Stored items from a collection
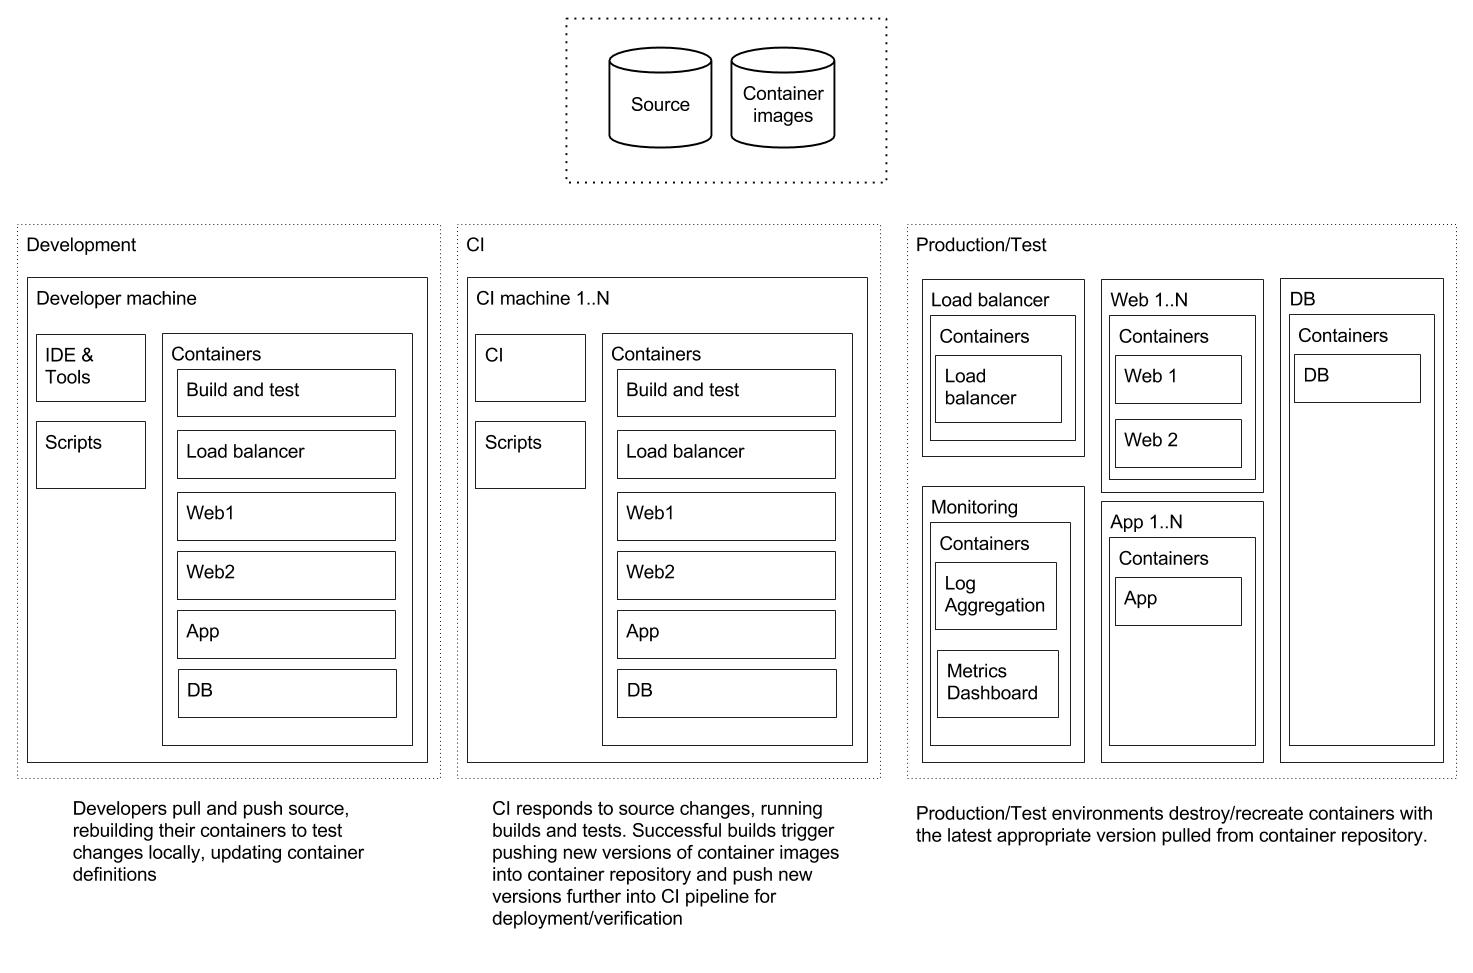 Container development environment diagram
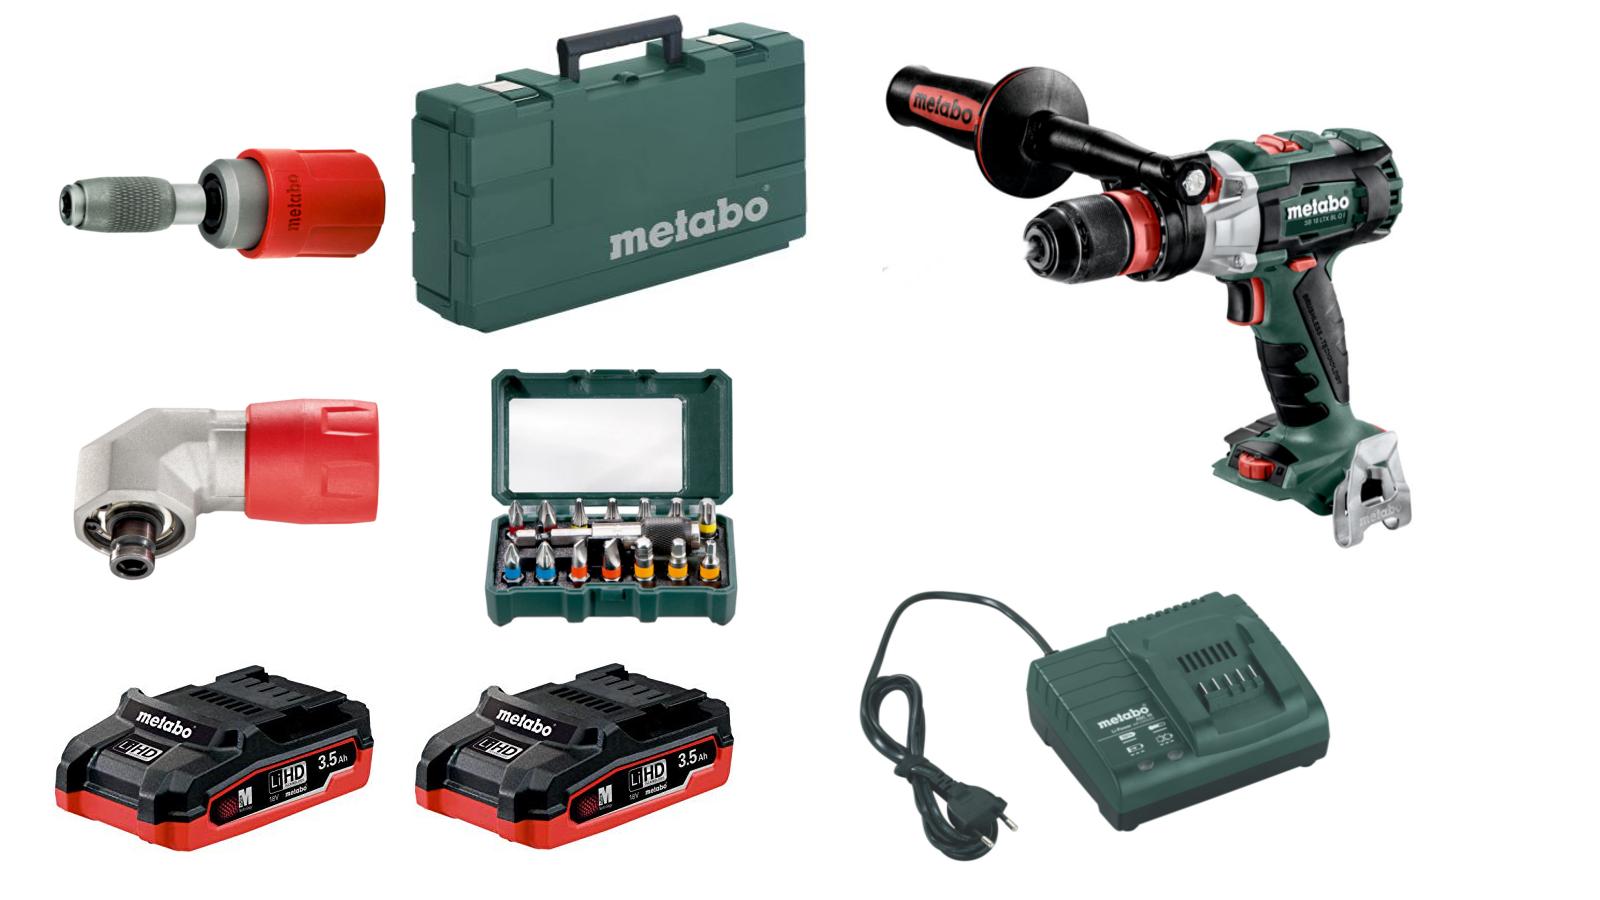 Metabo SB 18 LTX BL Q I Akku-Schlagbohrer Set 2x 3,5 LiHD + SC 60 Ladegerät  79
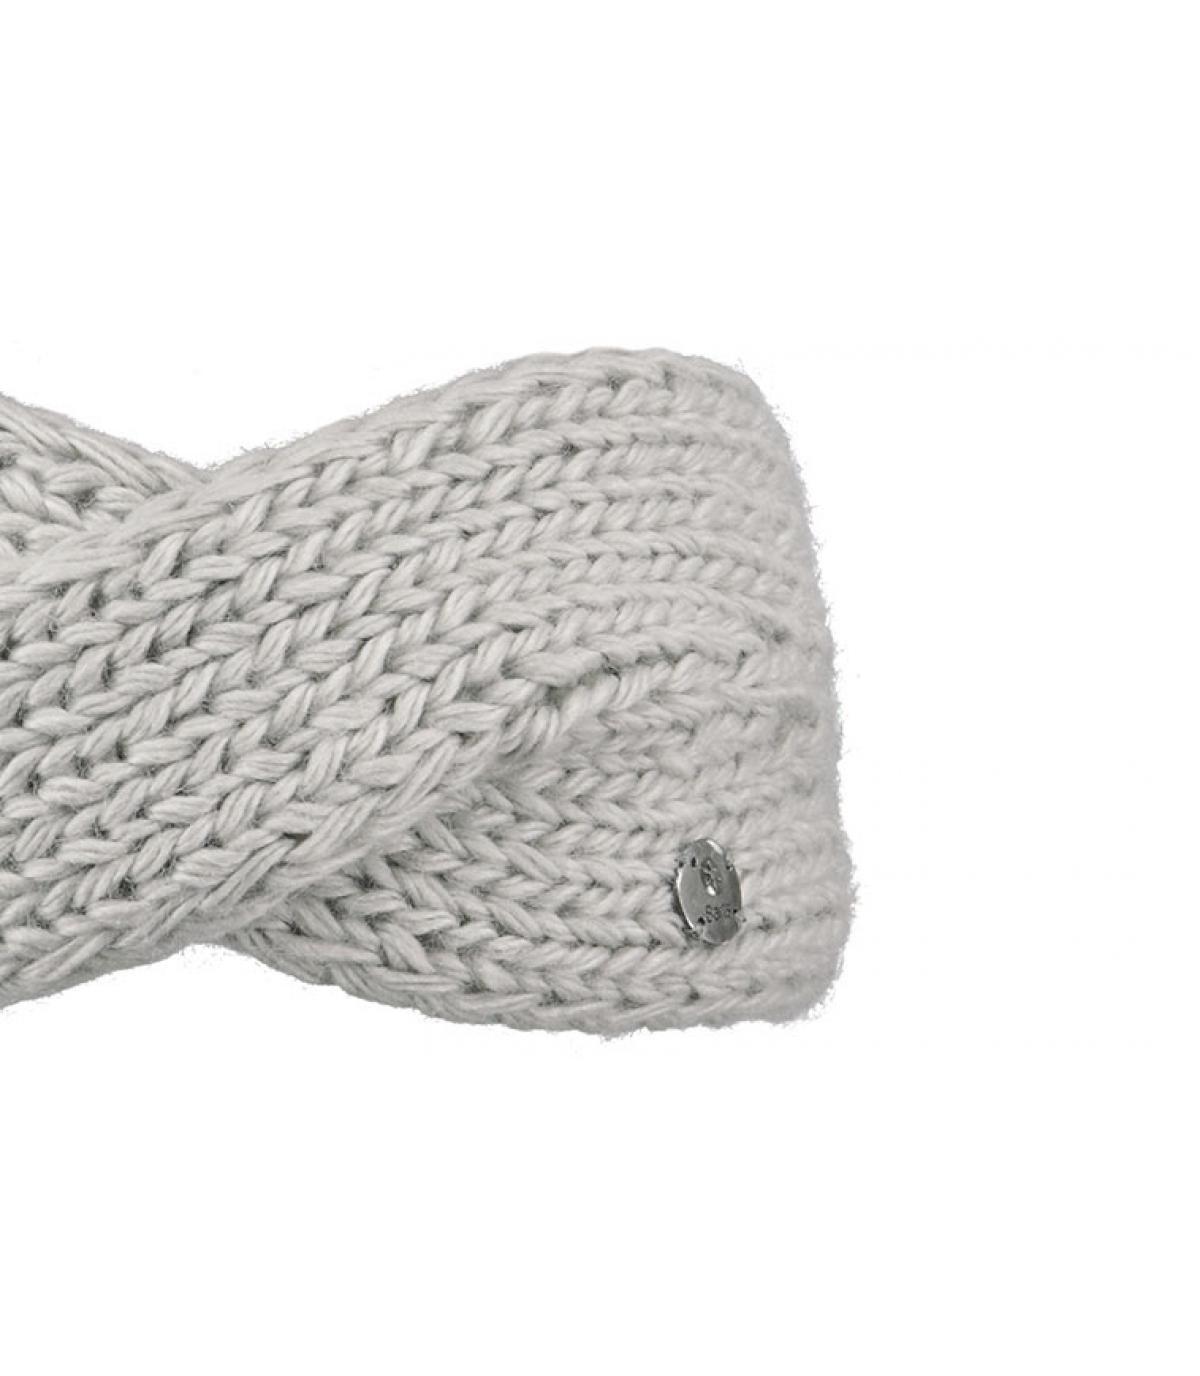 Détails Yogi Headband oyster - image 3
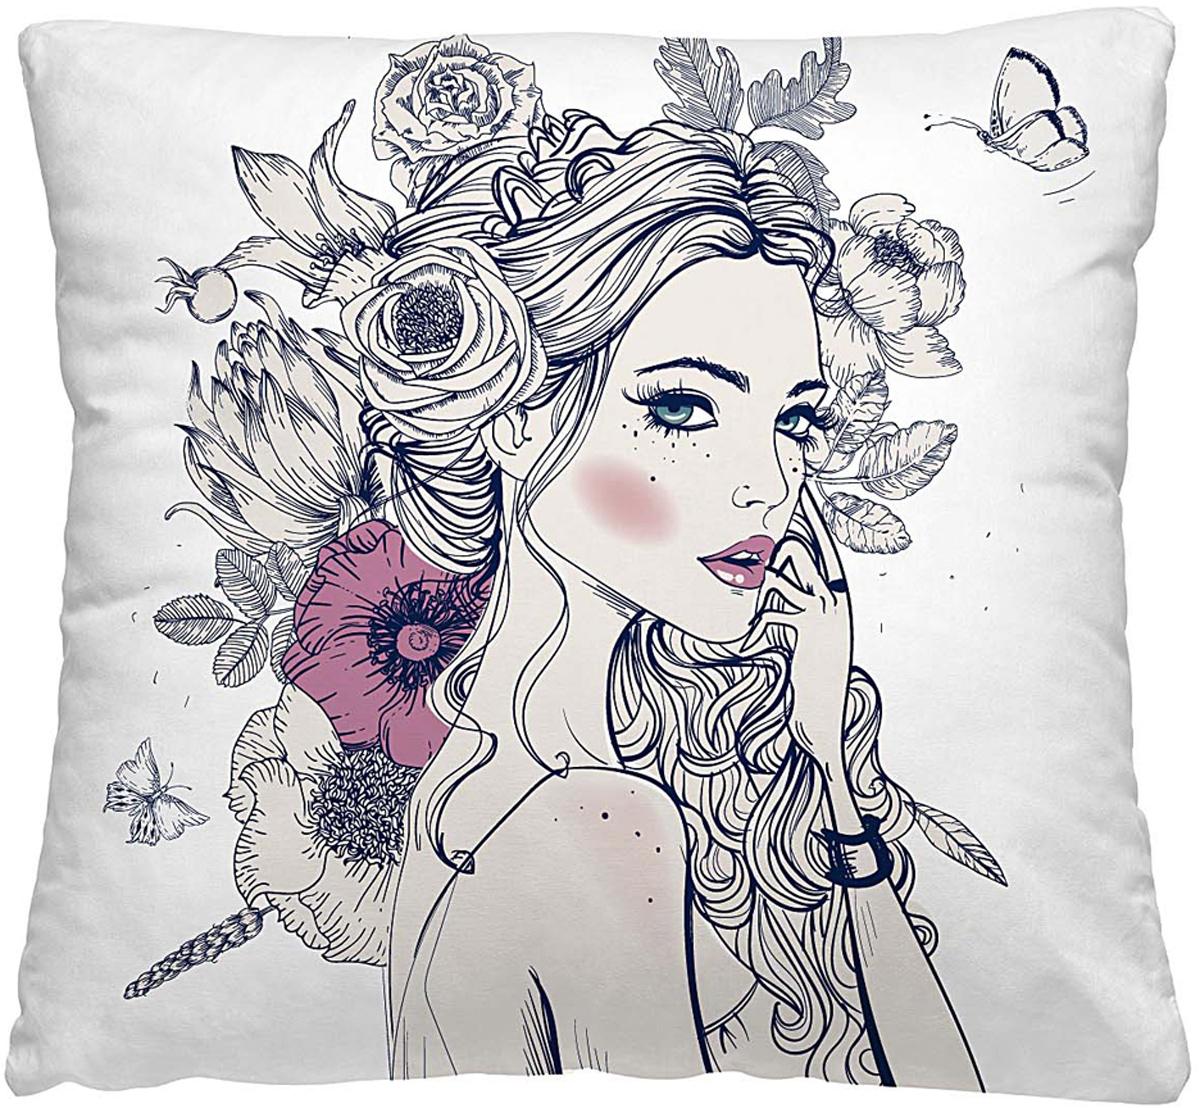 Подушка декоративная Волшебная ночь Эльвира, 40 х 40 см подушка декоративная волшебная ночь колибри 40х40 см
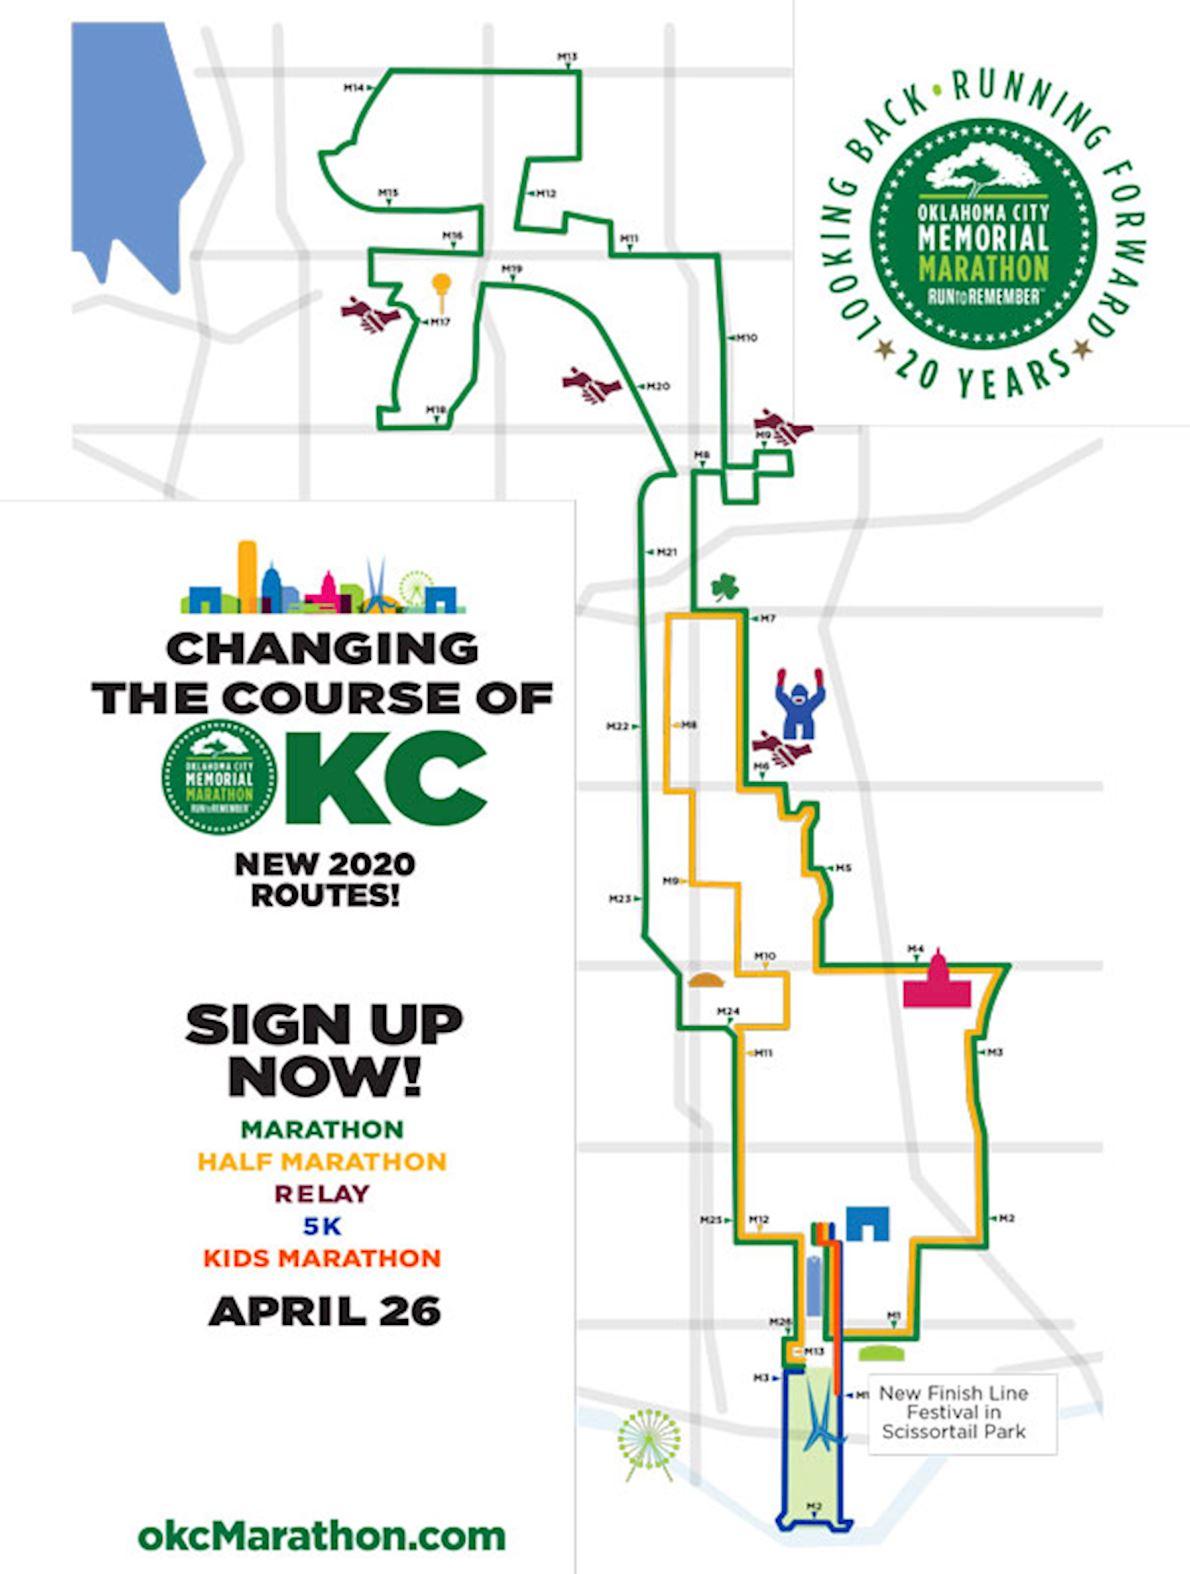 Oklahoma City Memorial Marathon Mappa del percorso

#### EXERCISE INSTRUCTIONS:
For each record above, write out every line exactly and skip the pictures.

#### YOUR RESPONSE:
 Container development environment diagram
 Metabo SB 18 LTX BL Q I Akku-Schlagbohrer Set 2x 3,5 LiHD + SC 60 Ladegerät  79
 Détails Yogi Headband oyster - image 3
 Подушка декоративная Волшебная ночь Эльвира, 40 х 40 см подушка декоративная волшебная ночь колибри 40х40 см
 Oklahoma City Memorial Marathon Mappa del percorso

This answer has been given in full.